Сэм выбралась из постели, чтобы воспользоваться ванной, и на цыпочках прошлась по квартире. В гостиной повсюду лежали книги — громоздились стопками на каминной полке, на полу, занимали каждый сантиметр кофейного столика. Она посмотрела на корешки. Имена авторов были ей знакомы, но сами романы девушка не читала. Борхес. Пинчон. Кафка. Эмис.
Сэм присела на диван, представляя, что живет здесь.
Потом вернулась в кровать.
— Ты для меня слишком стар, — поприветствовала она Клайва, едва тот разлепил глаза.
— Я?
— Не могу себе представить, что встречаюсь с кем-то за тридцать.
— Хорошая новость заключается в том, что именно с кем-то за тридцать ты и собираешься встречаться, — заявил он. — Ну а если нет, то я смогу тебя убедить.
— Каким же образом?
— Ты явно взрослее своих лет. Скажем, я немного инфантилен, так что мы встретимся где-то посередине. Что-нибудь в этом роде.
— Звучит как рецепт катастрофы, — сказала она.
До ее отъезда каждую ночь они проводили вместе.
Весь оставшийся второй курс они созванивались в скайпе как минимум трижды в день. Они забирались в постель с ноутбуками и так и засыпали. После того, как Клайв проваливался в сон, Сэм еще занималась. Она смотрела на него спящего и чувствовала такую тоску, какую не испытывала никогда прежде. По утрам она приходила работать на кухню, и Габи, оглядывая с усмешкой ее всклокоченный вид, говорила: «О, да ты попала».
Когда Клайв, этот мужчина, которого она видела пять раз за жизнь, сказал Сэм, что любит ее, ей показалось естественным ответить: «Я тебя тоже». Когда он предложил ей приехать к нему на лето, Сэм знала, что поедет, даже когда говорила:
— Я никак не могу.
— Почему нет? — допытывался он. — Моего соседа не будет до конца июля.
— Я не смогу работать, — приводила она аргументы.
— Мы тебе что-нибудь найдем, — уговаривал он. — Просто скажи «да». Это будет потрясающе.
С самого детства Сэм была очень рассудительной. Ко всему относилась ответственно, опасаясь, что иной подход испортит ей жизнь. Но сейчас речь шла не о ее жизни. Только об одном лете.
Ее мать была в ярости. Сэм понимала, что за гневом скрывается страх.
— Если ты уедешь, ты уже не вернешься, — протестовала она. — Сначала тебе нужно закончить колледж.
— Я вернусь, — успокаивала ее Сэм.
— Мы даже не знаем, кто он такой, — упиралась мать. — И ты собираешься жить с ним?

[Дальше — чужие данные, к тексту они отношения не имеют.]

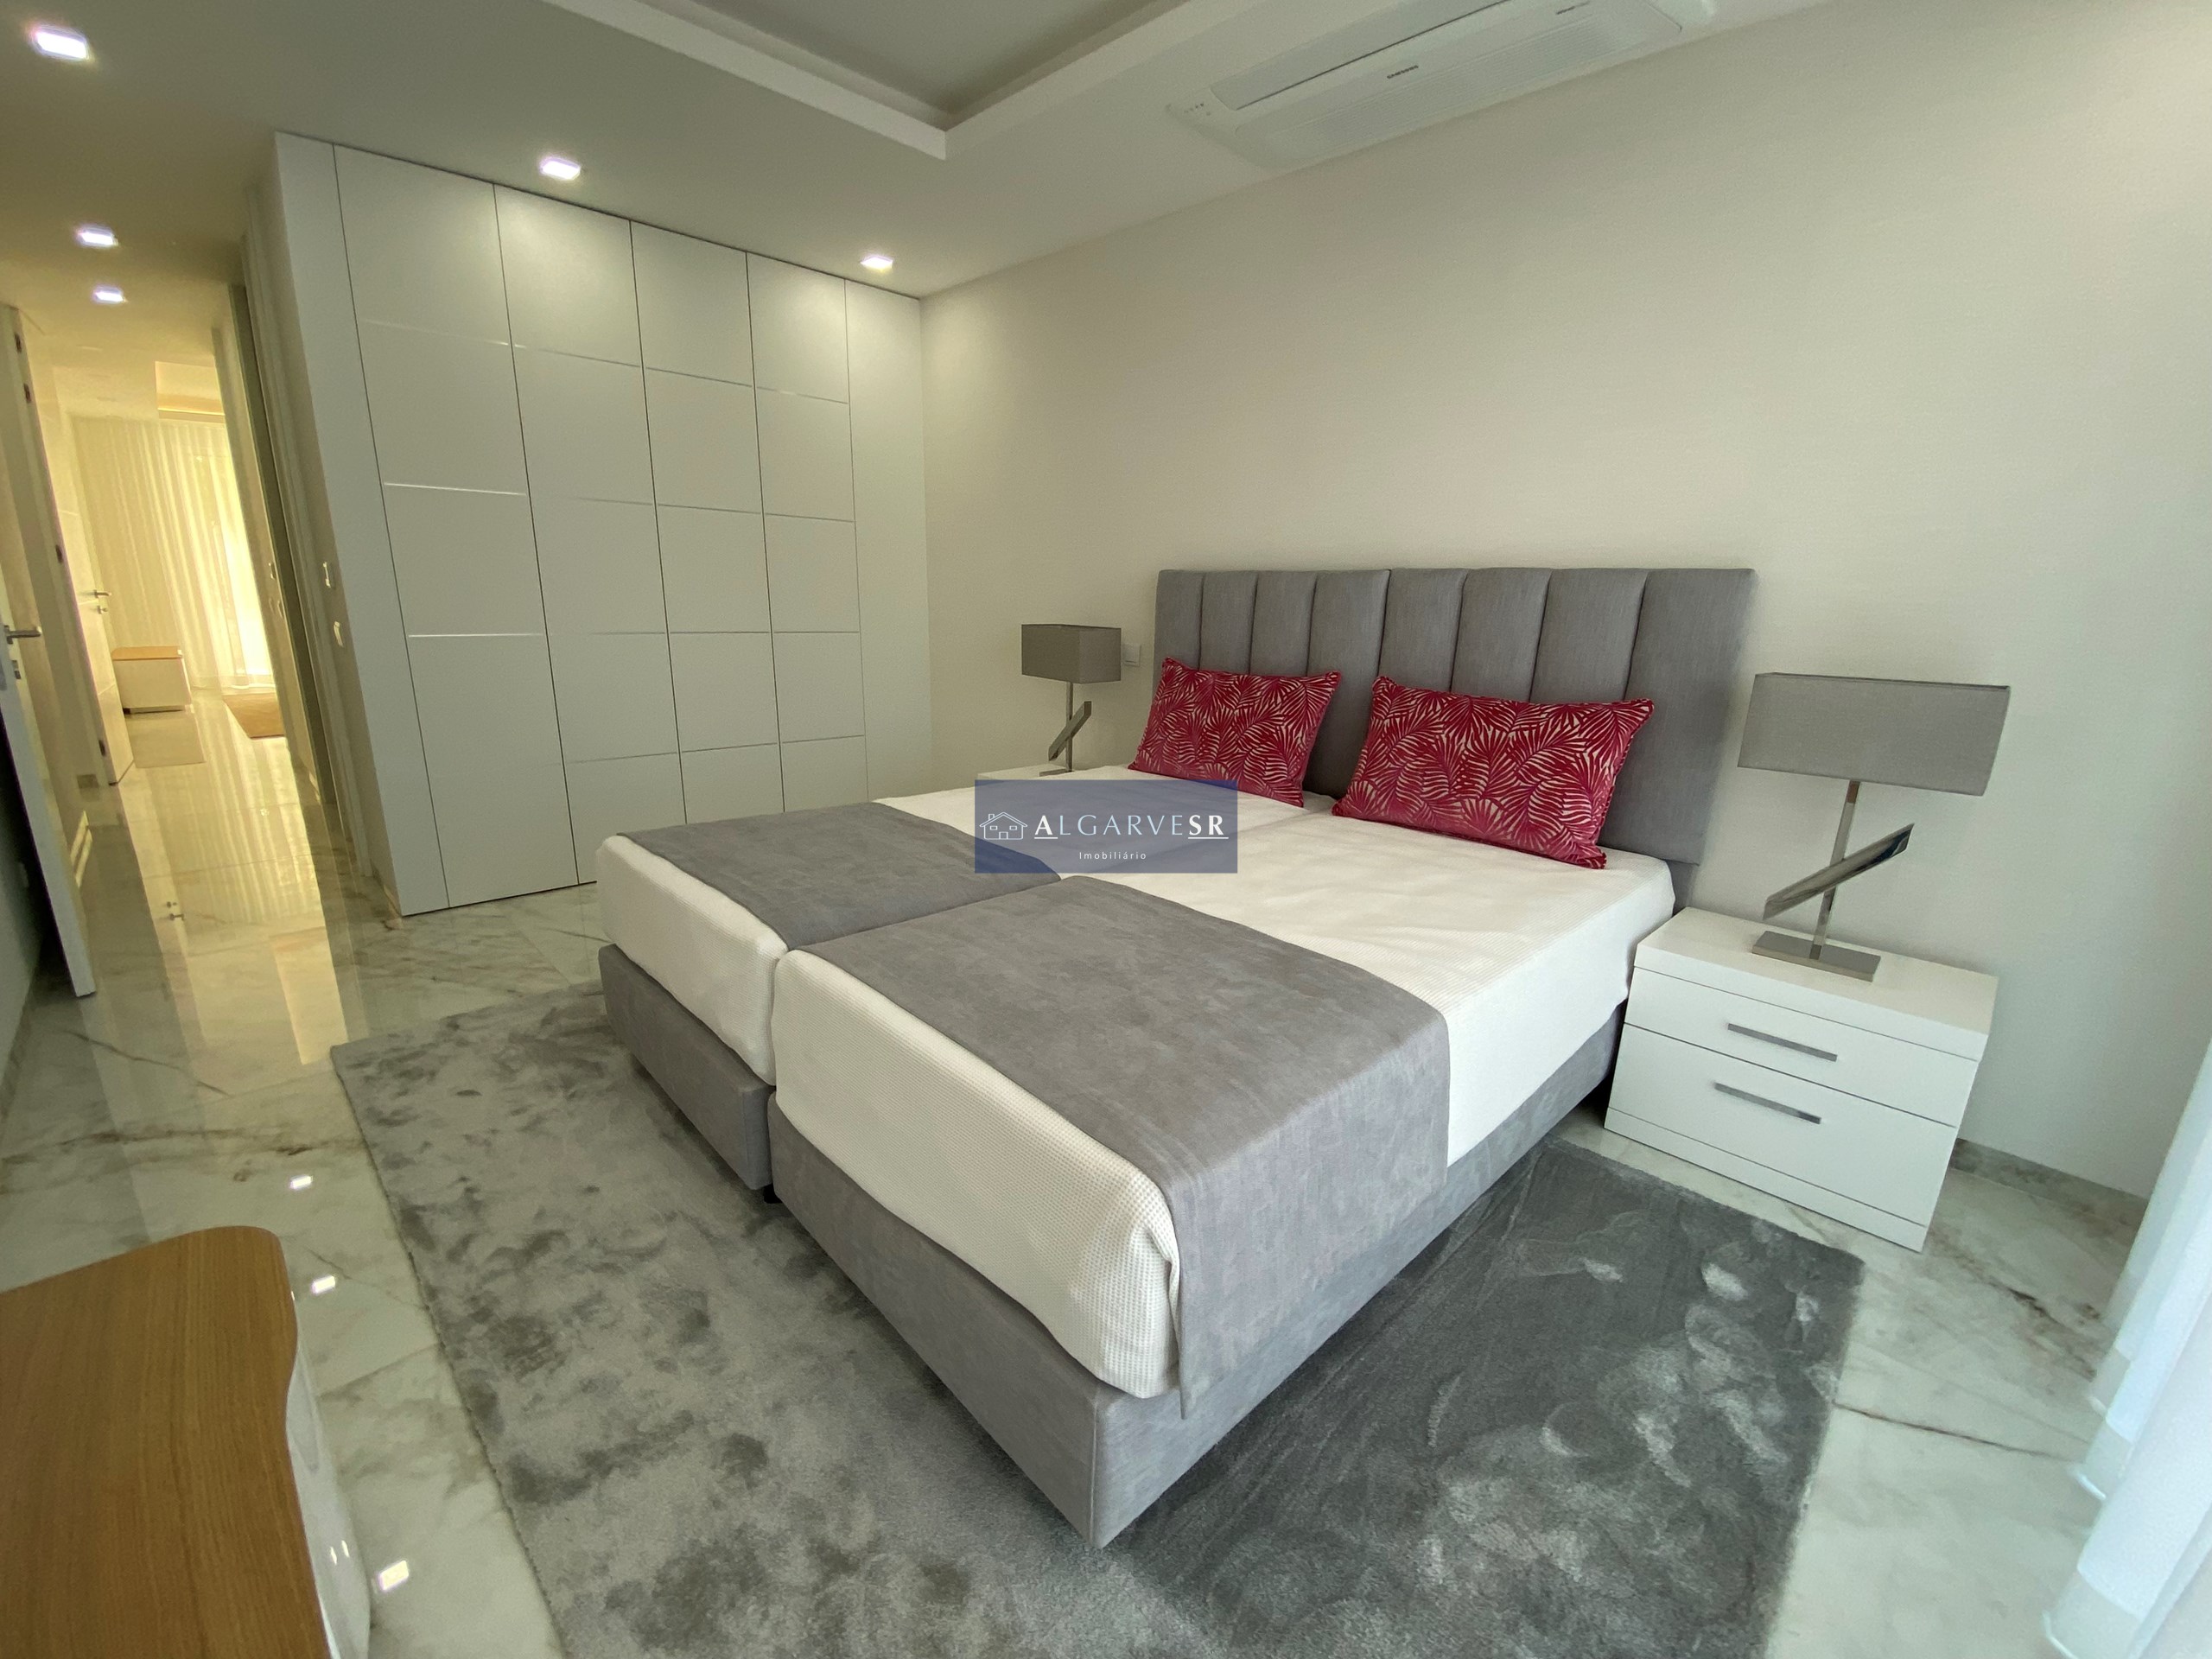 Lagos - Apartamento T2 Novo condominio de luxo c/ piscina

Сэм стало ее жалко. Три года назад во власти ее родителей было запретить ей приводить Санджива в спальню и закрывать дверь или идти на вечеринку, пока они не поговорят с семьей приглашающего. Теперь Сэм сама решала, может ли она пересечь океан, чтобы жить с парнем.
— Мы не будем жить прям вместе. Его соседа по комнате не будет, и это квартира с двумя спальнями, так что…
Она не договорила, позволяя матери самой додумать окончание фразы.
Клайв снимал первый этаж дома в Уолтемстоу со старым другом по имени Йен, чей акцент Сэм разбирала только примерно в сорока процентах случаев. В первый месяц пребывания Сэм Йен жил на Ибице. Пока его не было они дурачились, готовили и танцевали на кухне; ходили по дому голыми; читали колонки «Гардиан», валяясь на диване.
Он показал ей свои любимые британские комедии: Peep Show, Spaced и The Inbetweeners. Когда Клайв ее обнимал, его подбородок идеально ложился ей на макушку.
За домом был небольшой сад. Предыдущий жилец посадил там тимьян и орегано. Сэм поливала их и срезала в салат, чувствуя себя более взрослой, чем когда-либо прежде. Она задавалась вопросом, может ли человек, уже живущий одной жизнью, просто переехать в новое место и начать там другую. Как-то раз в дверь позвонила соседка. «Я нашла этот журнал у себя в почтовом ящике, но, думаю, это вашего мужа», — сказала она.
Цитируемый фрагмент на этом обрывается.